The last schedule deals with small-scale repackaging of beer into small containers—something that I've done much research on in my local electorate. This change will provide deregulatory benefits to retail and hospitality venues who repackage beer from bulk quantities into small containers for immediate retail sale—for those people who have Growlers and other containers on their property. From 1 July, this measure introduces a targeted exemption from alcohol excise licensing requirements. It will apply to the repackaging of the first 10,000 litres of beer from kegs into non-pressurised containers of no more than two litres capacity.

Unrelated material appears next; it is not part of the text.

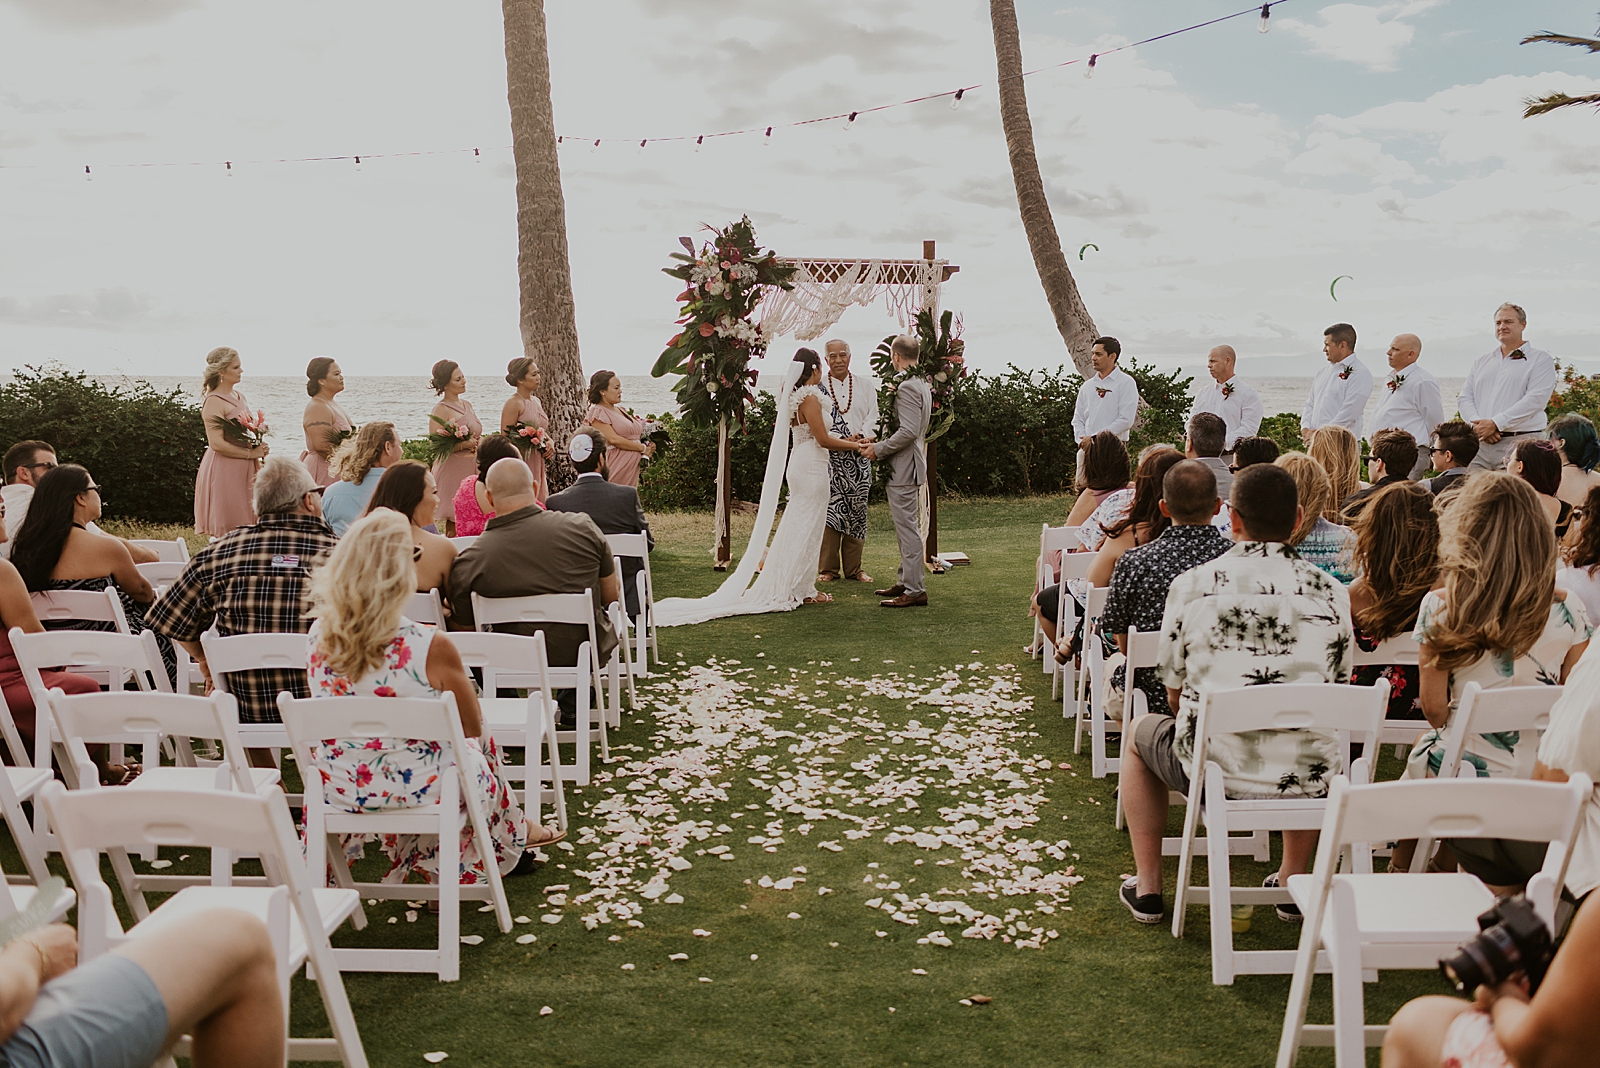 Wide shot of Bride and Groom in front of officiant with wedding party and guests for outdoor Ceremony in front of the ocean

This amendment will remove the disproportionate regulatory requirements on this practice created by the alcohol excise system. Currently businesses, such as breweries in my electorate—Slipstream and the like—who package duty-paid beer into these containers are required to hold a manufacturing licence for excise purposes and pay duty again—in effect, paying double duty. These licences carry significant obligations that are more appropriate to entities that are fermenting, brewing and repackaging beer on a commercial basis in order to protect the lower alcohol excise rate of keg beer. However, filling specified containers in retail settings does not pose an integrity risk. This will ensure larger businesses engaged in this practice in more significant commercial quantities remain appropriately regulated. The sale of takeaway alcohol in retail settings will remain the regulatory responsibility of the states and territories in terms of hours, checking ID and the like.

These five changes include building a better and stronger relationship with Iceland, further reducing red tape for small businesses, streamlining processes for entities doing work in our communities and internationally, and helping the Australian economy. I recommend the bill to the House.